Employees vs. Influencers: Are They Really That Different?

By Matter

Leveraging social influencers is a common strategy to help boost brand awareness. Using their social platforms, influencers help spread the word about a particular product or brand campaign via photos, videos and personal anecdotes. As a result, brands reach a new audience in hopes to garner more brand fans. Though influencer programs are commonly associated with consumer clients, business to business (B2B) companies shouldn’t rule out the strategy. In fact, B2B companies would be surprised to learn that they need to look no further than their own employees to help catapult their brand in their respective industry.
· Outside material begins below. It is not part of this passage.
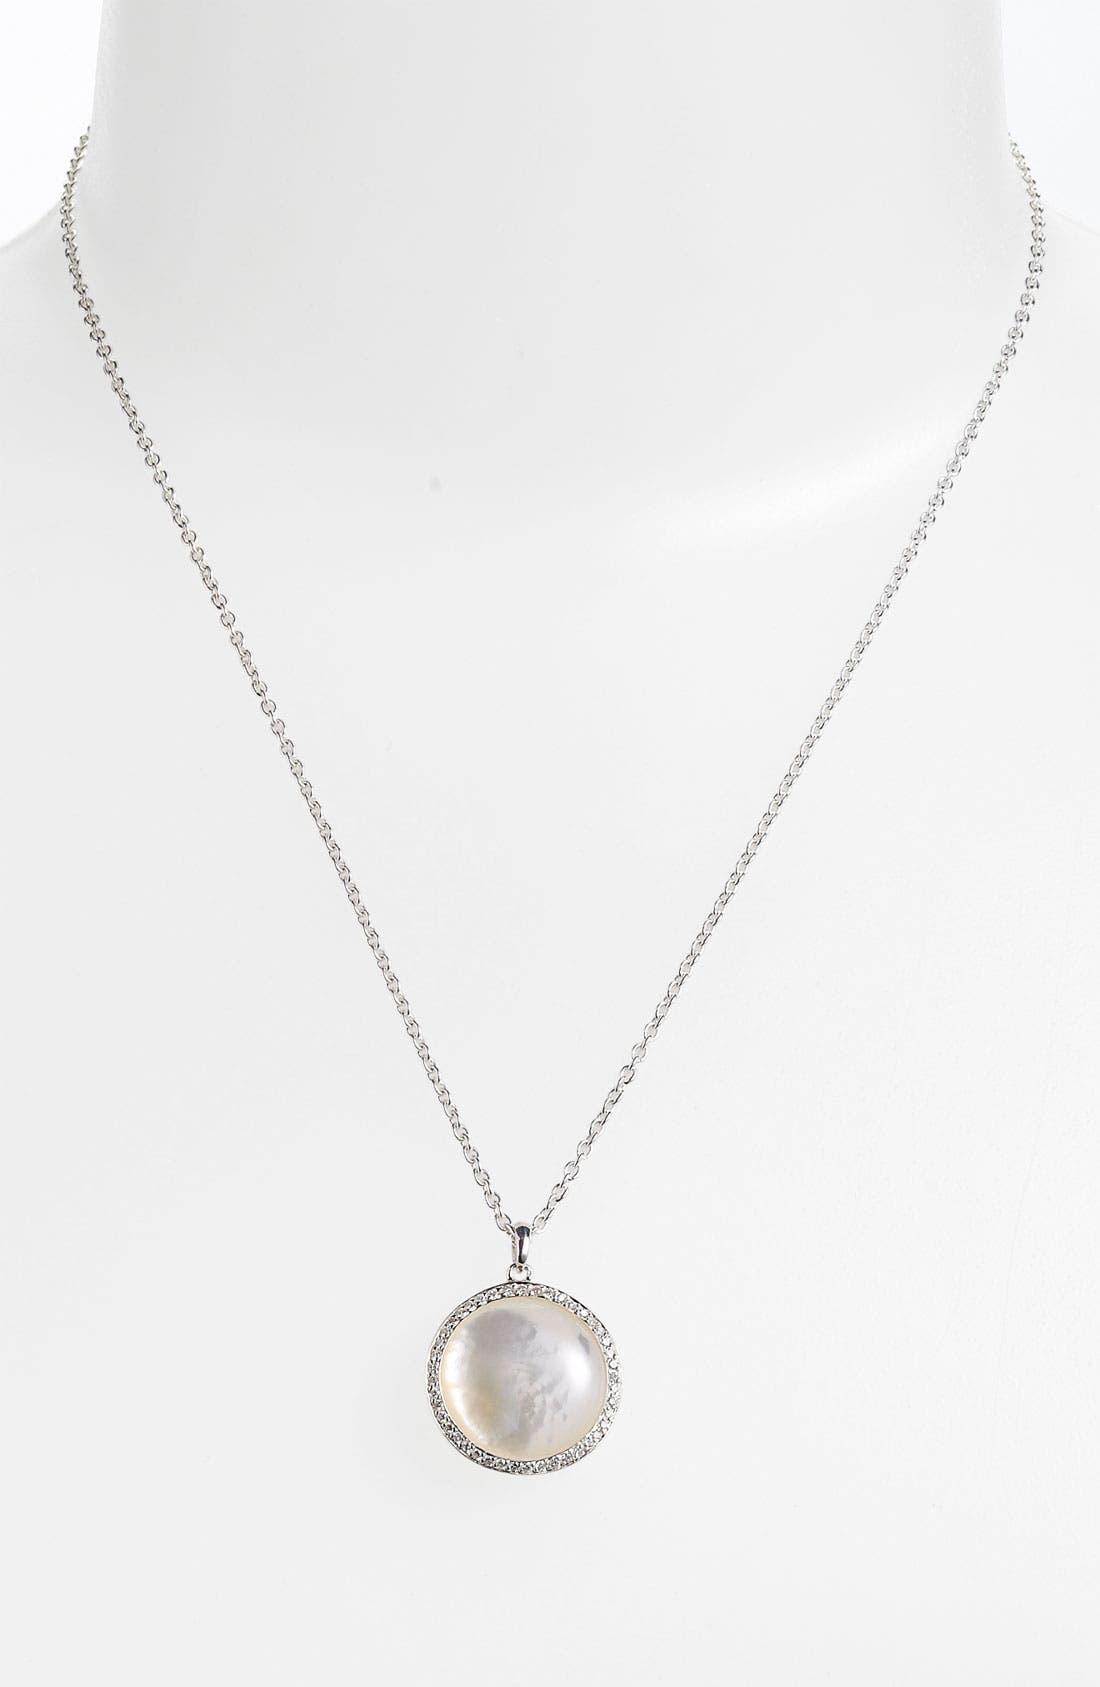 Alternate Image 1 Selected - Ippolita 'Scultura' Medium Circle Pendant Necklace
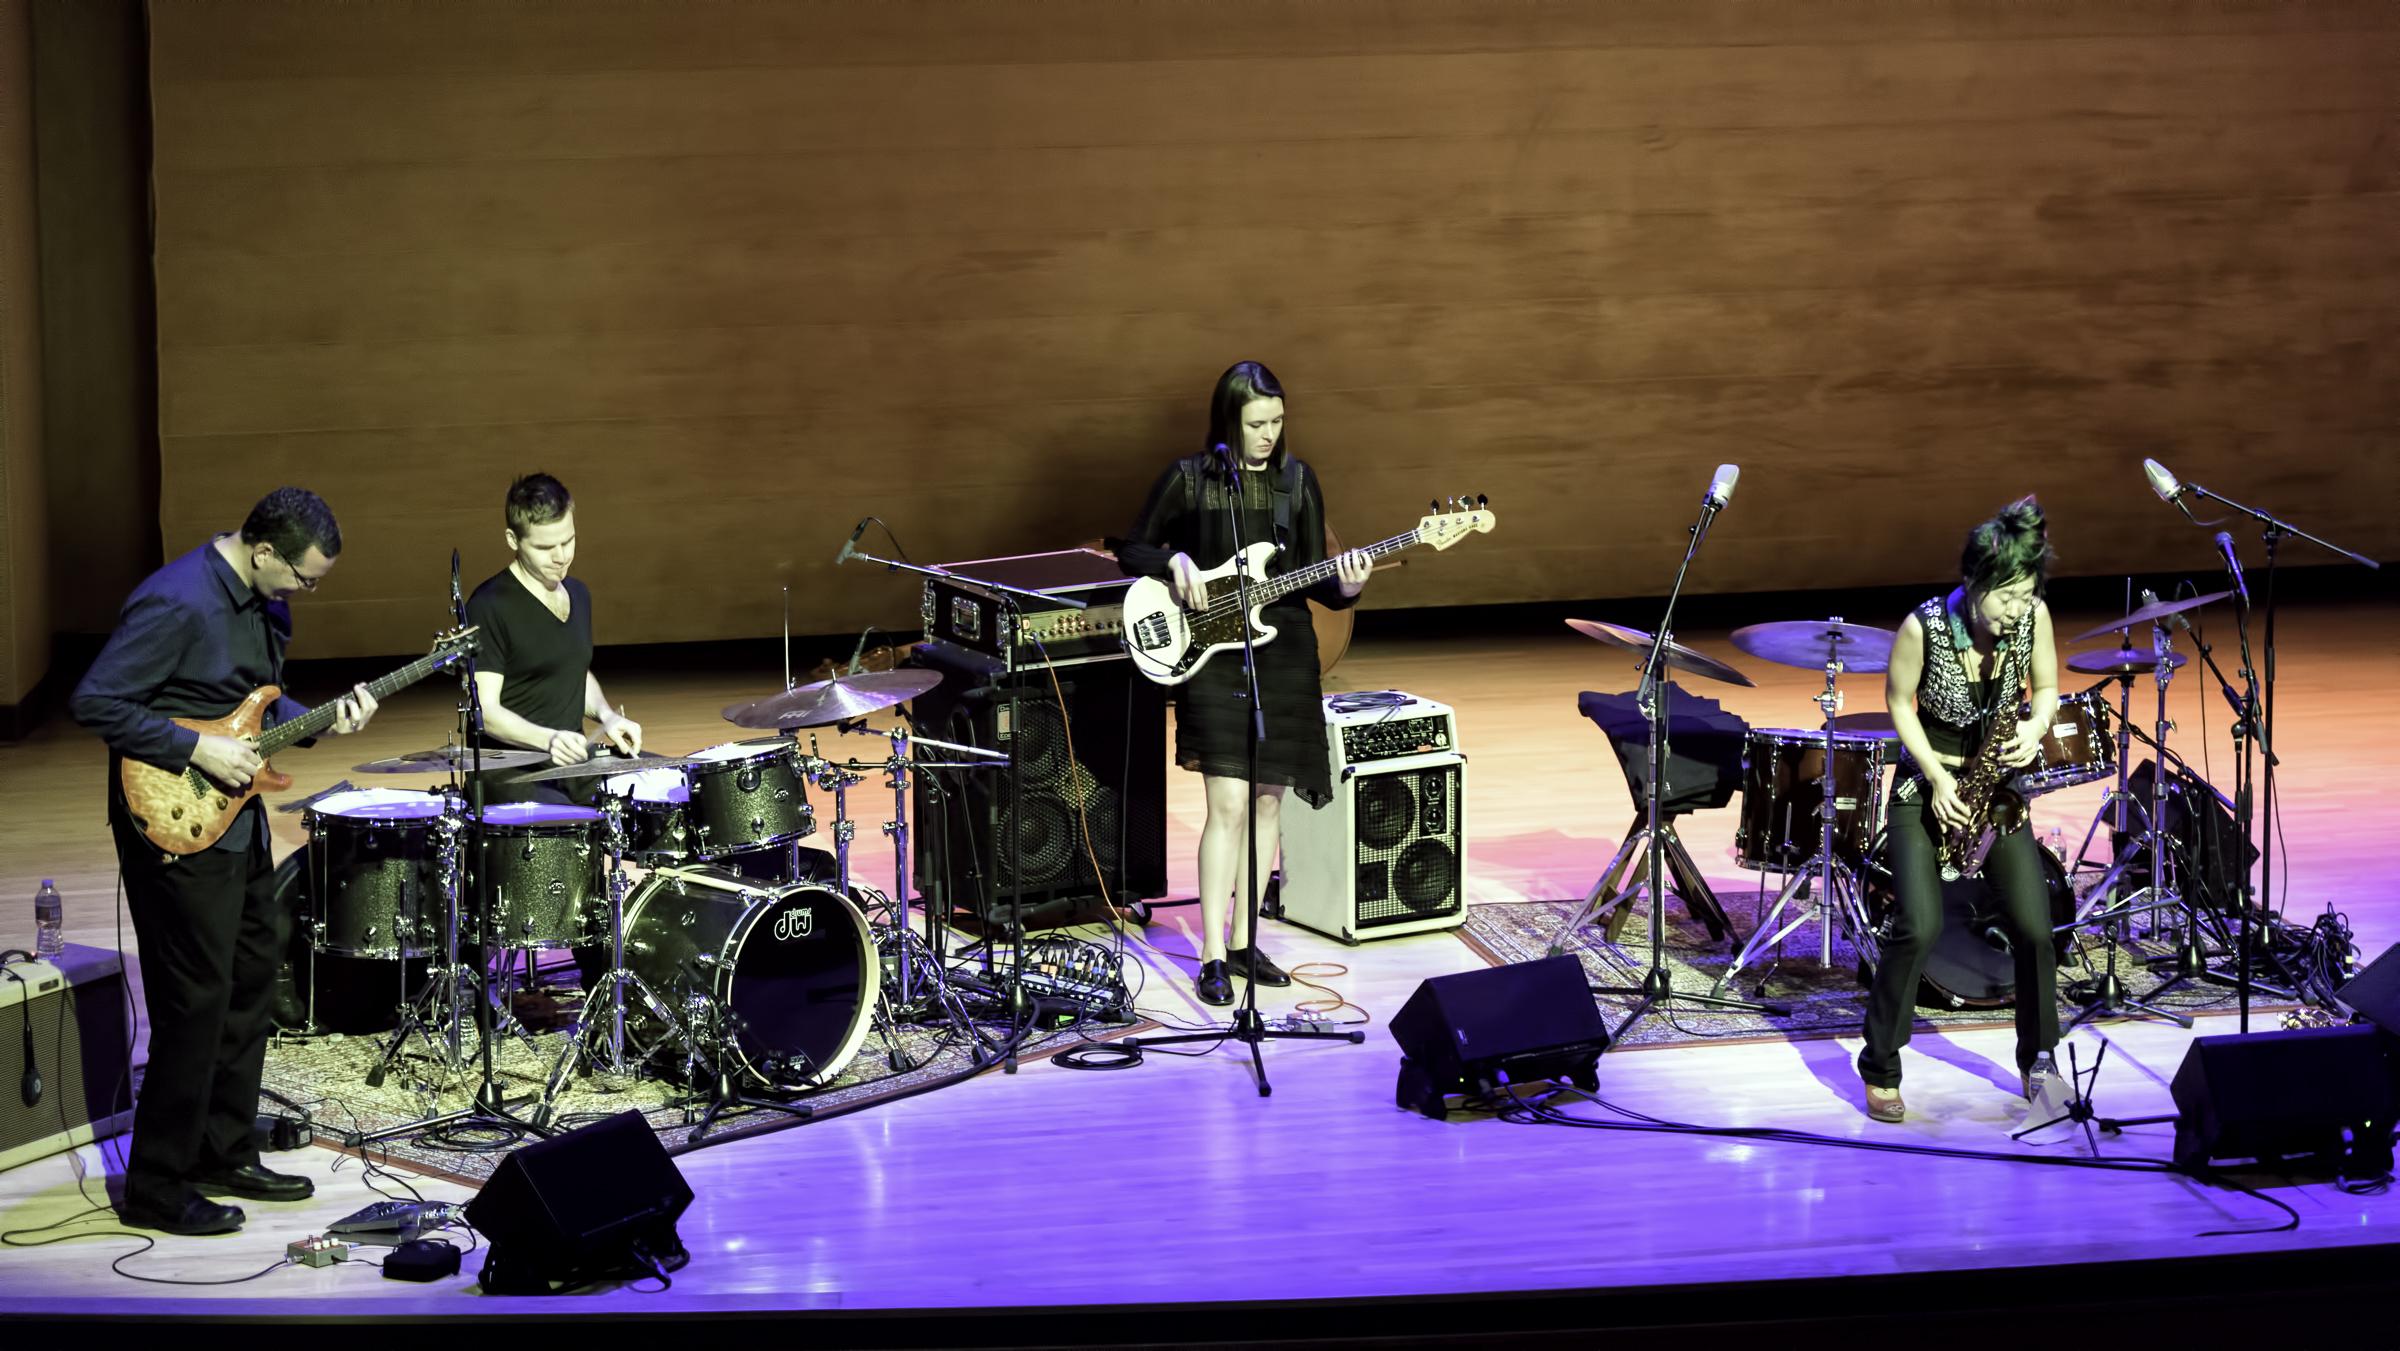 Grace Kelly Quartet at the Musical Instrument Museum (MIM)

Employees as Brand Advocates

Our B2B clients have employees who are widely known as thought leaders and innovators in the spaces they operate in. Through the many conferences and tradeshows they attend and speak at, executives are able to organically build their professional network and make connections with similar leaders. By meeting in a professional setting, the majority of the connections executives make via their personal social channels are probably similar to the connections the company is striving to reach on their corporate channels.

However, with their busy schedules, it’s likely (and justifiably so) that the last thing on executives’ minds is their LinkedIn profile. Sure, they accept connection requests every so often, but are they sharing company news or industry trends? Businesses must view their employees’ social presence (or lack thereof) as an opportunity to grow brand awareness, and an excellent starting platform is LinkedIn.


Leveraging LinkedIn to Increase Brand Awareness

As of April 2017, LinkedIn now claims 500 million registered users, with two new members joining the site every second. While the platform used to be thought of as primarily a job recruitment network, it’s now more widely used amongst company leaders and executives to drive conversation with others in their respective industry around trends they’re seeing, new industry data or to share opinion pieces, just to name a few uses. As a company, it’s important to demonstrate to your employees how they can join the conversations and also start their own. By developing personal content and engaging with like-minded professionals on LinkedIn, your employees can amplify their profiles and help boost overall brand awareness.

Before beginning content discussions, it’s important to make sure that executive profiles are streamlined and appeal to the correct audience. Particularly, the headline and summary need to be rich with keywords specific to their profession as they’re the first two sections LinkedIn members read. For the headline, instead of the executive’s current title, they should highlight key areas of interest and expertise to quickly catch the eye of potential new connections. Because LinkedIn works like a search engine, including SEO keywords in the headline also makes it easier for executives to be found in relevant searches. Then, their summary should provide a high-level overview of their unique specialties to help paint the picture of their successful career path. The summary can also highlight personal interests, especially if those interests happen to connect with their career of choice. For example, a Chief Marketing Officer might be inclined to share that they’re passionate about storytelling and digging into market research.

Not every executive performs the same job or has the same interests in the industry, so setting personalized content objectives is important. This not only helps the executive reach connections on a more personal level, but with each executive generating different content, the company is also able to show off its wide range of skills. Content can range from sharing articles about the company to future-thinking industry articles, such as autonomous vehicle predictions or where artificial intelligence will be in twenty years, depending on their line of work. Additionally, executives have the option to create articles themselves around any topic that is of interest to them, rather than only sharing external links. These articles are similar to blog posts and appear on LinkedIn Pulse where others have the option to begin following that person to view future stories. Alongside posting on their own pages, it’s important for executives to make new connections – whether that’s with other people in the industry or with relevant LinkedIn groups. Of course, posting regular content and executing new relationships is time consuming, so there are platforms that can help guide your employees to post the most appropriate content for your brand.


Employee Advocacy Platforms

To ensure all employees can become brand advocates, there are tools that make it easier for employees to share content on an ongoing basis.For example, Bambu is an employee advocacy platform that businesses can instate for their employees to make it easier for them to amplify their brand’s reach across social networks. Bambu allows any employee with access to the platform to draft suggested posts for sharing across LinkedIn, Facebook and Twitter to then be shared by their colleagues. While Bambu gives employees the option to draft content, with other content readily available, it cuts out creation time and encourages employees to post more frequently. Other platforms, such as Sociabble and Trapit, offer similar services to help make brand advocacy a company-wide initiative.


A Comprehensive Social Media Approach = Business Success

Overall, initiating employees as brand advocates ends up benefiting the business as well as the employee. By providing social counsel, businesses have the opportunity to reach a wider audience through employees’ channels and employees may also grow their professional network and skillset. Keeping up with industry trends and maintaining a social presence is just as important for businesses as it is for their employees, and a cohesive business approach to utilizing social media can help everyone increase their awareness and become more engaged.